BUT, I still want to know from all those against including the start date in AddWorkdays or Workdays where in the real world this concept comes from. What does the start date represent? Is it a start date or is it the date before the start date?
October 26, 2007 at 7:25 am
Michael Meierruth (10/26/2007)
Tomm Carr (10/25/2007)
BUT, I still want to know from all those against including the start date in AddWorkdays or Workdays where in the real world this concept comes from. What does the start date represent? Is it a start date or is it the date before the start date?
Just my personal opinion, I do not think the start date should be included. For example, lets say I am asked to submit a report, or some other office gargage, and I am given two days to do it. If my boss does not tell me until 4:55 on Monday, then is it fair to say it is due on Tuesday? Technically, if you only look at the dates I had two days to do it, but really I had only one day. That is why I like Jeff's function, because everyone has their own oppinion.
Greg
Greg
_________________________________________________________________________________________________
The glass is at one half capacity: nothing more, nothing less.
October 26, 2007 at 10:56 am
This is why I defined in an earlier posting that each date was to be considered the beginning of the work day. That way, if the date you are given is a Monday and you add one day to it, you arrive at Tuesday. Thus the code arrives at the same answer we would arrive at standing in front of a calendar and adding manually.
If you want to consider the time of day into the calculations, this presents an entire gaggle of other problems. Then you have to define the time of the start of the work day and the duration of the work day. 9 to 5? 8 to 5? 7:30 to 4:30? What about other shifts? What about the shift that starts at 11PM and ends at 8AM the next day?
As it is, the time portion of the reference date is unchanged. So if adding two work days to Monday at 4:55PM the answer you get back is Wednesday at 4:55PM. This keeps it shift and duration independent and thus should work for any environment.
What is somewhat confusing is what exactly is meant by "count the start day." If you add one day to a date you should get the next day. Stipulating for a moment that a date represents the start of the day, then we are counting the start day. We are now at the start of the next day ready to "consume" that day.
If you say you want to add one work day to Monday and get Monday back as an answer, show me on a calendar how this makes sense.
Tomm Carr
--
Version Normal Form -- http://groups.google.com/group/vrdbms
October 26, 2007 at 11:20 am
Tomm Carr (10/26/2007)
If you say you want to add one work day to Monday and get Monday back as an answer, show me on a calendar how this makes sense.

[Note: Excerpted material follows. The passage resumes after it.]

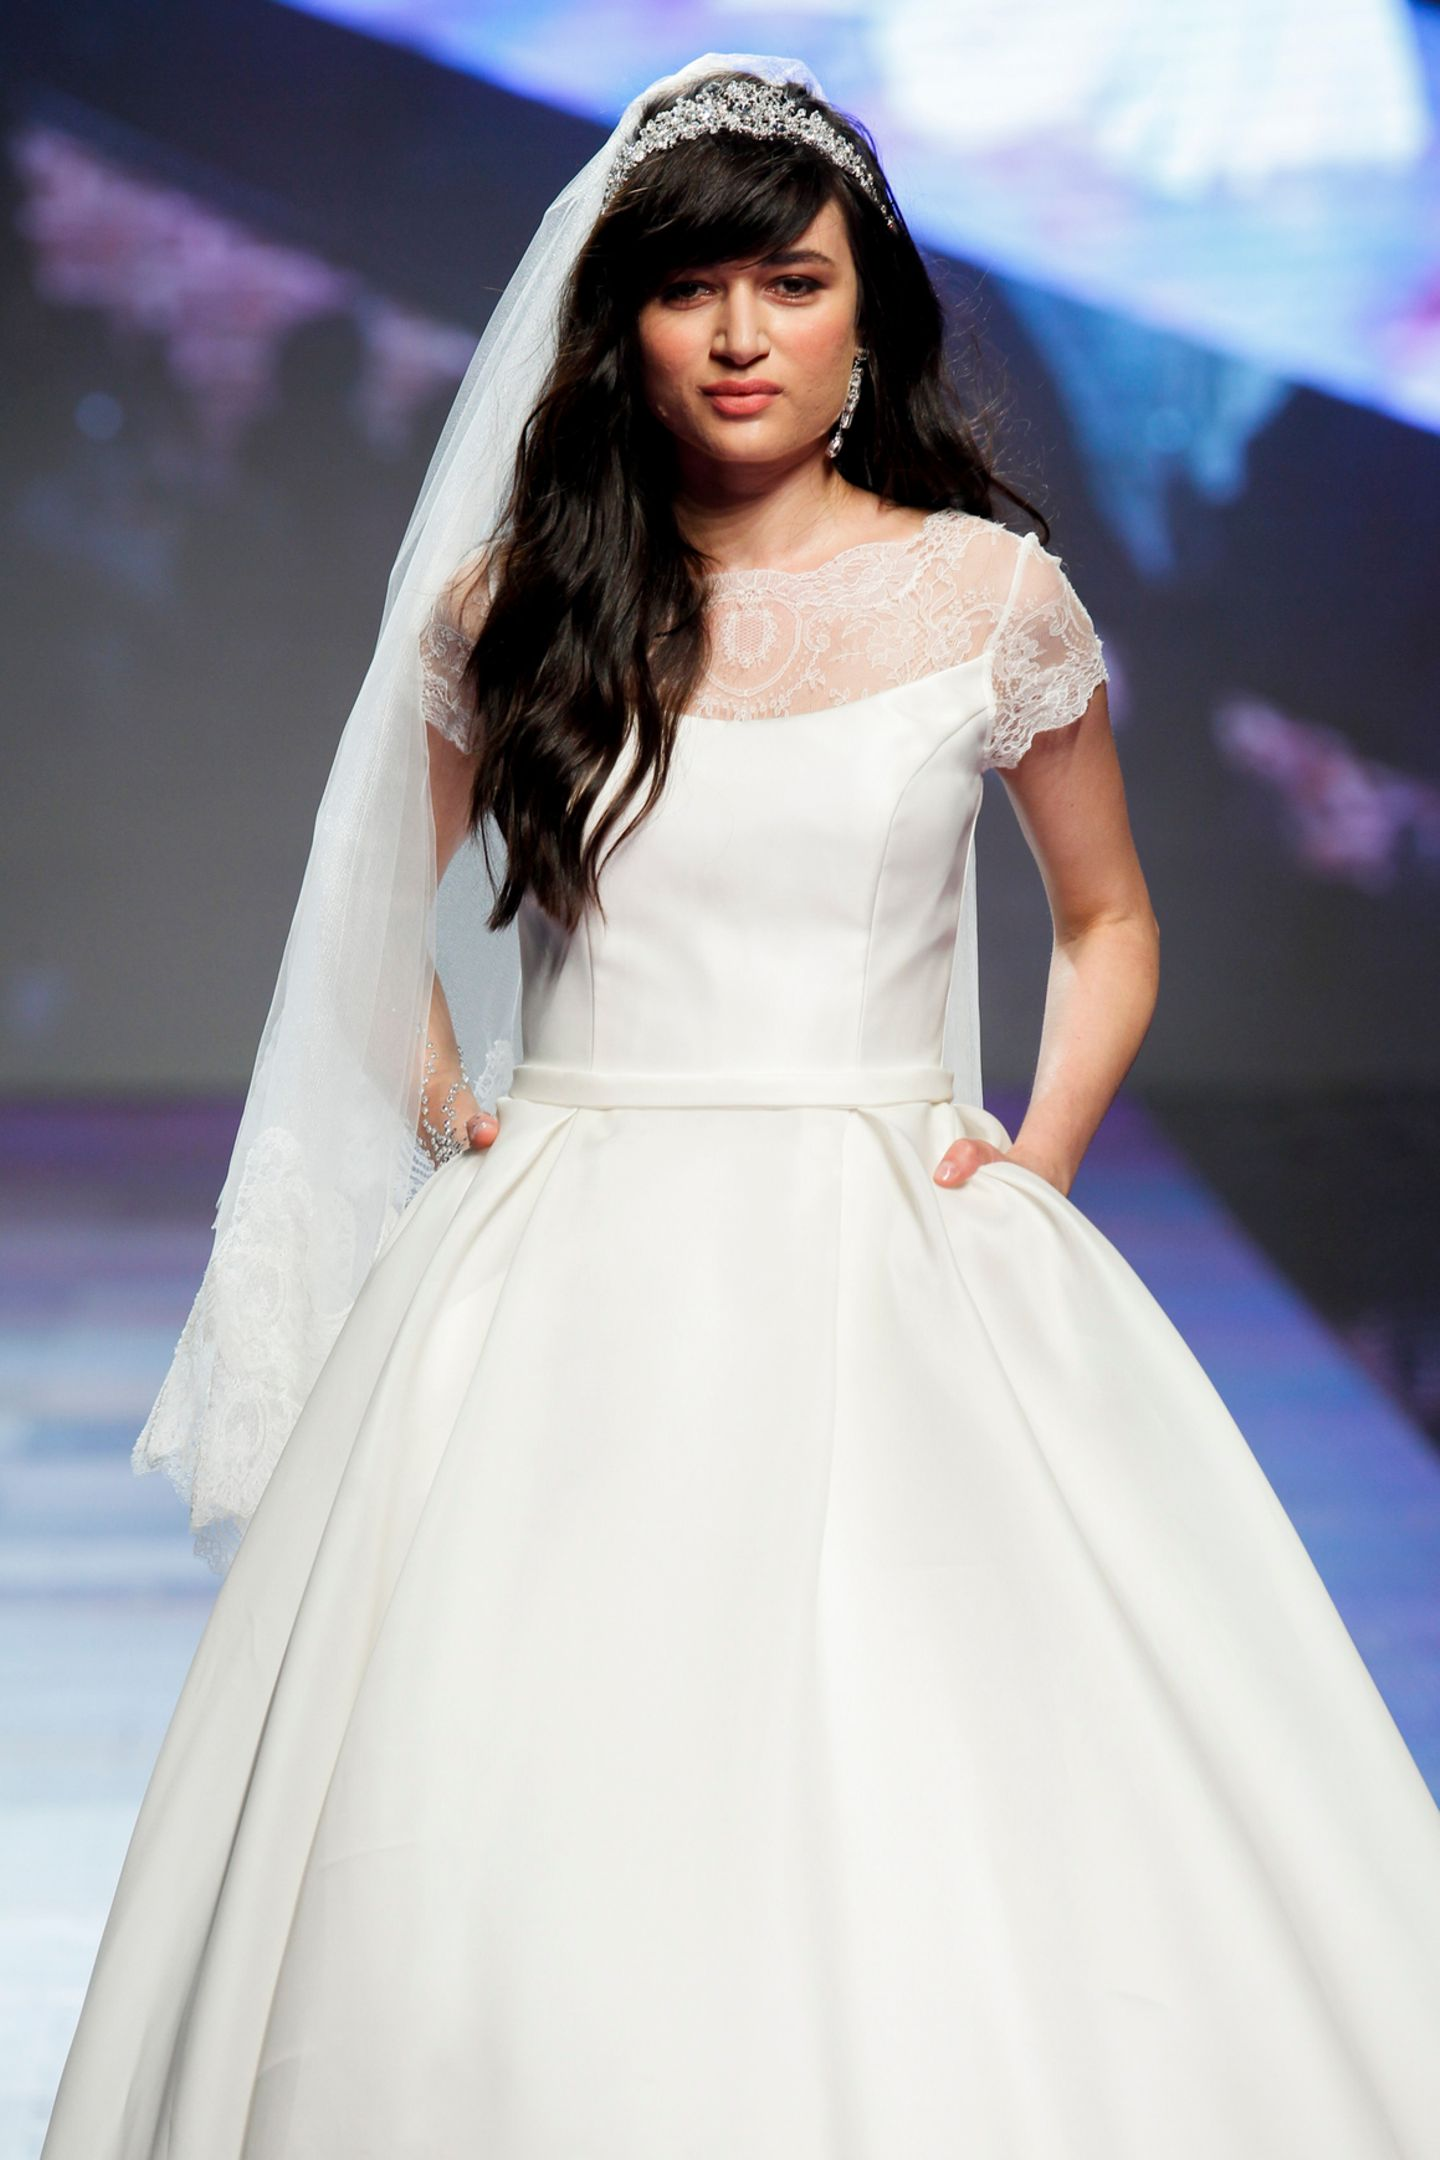 Brautfrisur mit Schleier: Frau mit Brautkleid, Schleier und Diadem im Haar

If you want an answer to that, see my spec a few pages back. It makes sense out of adding a day to Monday that gives you Monday.
October 26, 2007 at 11:39 am
Here is another function that came out of this particular exercise:
/*
=============================================
Author:
Tomm Carr
Create date:
10/23/2007
Description:
Returns a 1 if the specified date occurs on a weekday (Mon-Fri) and 0 otherwise.
This function operates independently of the server's DateFirst setting because it uses the function DayOfWeek which is also DateFirst independent.
Examples:
select dbo.IsWeekDay ('10/20/2007') -- should be 0
select dbo.IsWeekDay ('10/21/2007') -- should be 0
select dbo.IsWeekDay ('10/22/2007') -- should be 1
select dbo.IsWeekDay ('10/23/2007') -- should be 1
select dbo.IsWeekDay ('10/24/2007') -- should be 1
select dbo.IsWeekDay ('10/25/2007') -- should be 1
select dbo.IsWeekDay ('10/26/2007') -- should be 1
=============================================
*/
ALTER FUNCTION [dbo].[IsWeekDay] (
@TargetDate Datetime
)
RETURNS bit
AS
BEGIN
return
case when dbo.DayOfWeek( @TargetDate ) in (1, 7)
then 0
else 1
end;
END--Function
Notice I left my name proudly attached. By golly, I wrote this!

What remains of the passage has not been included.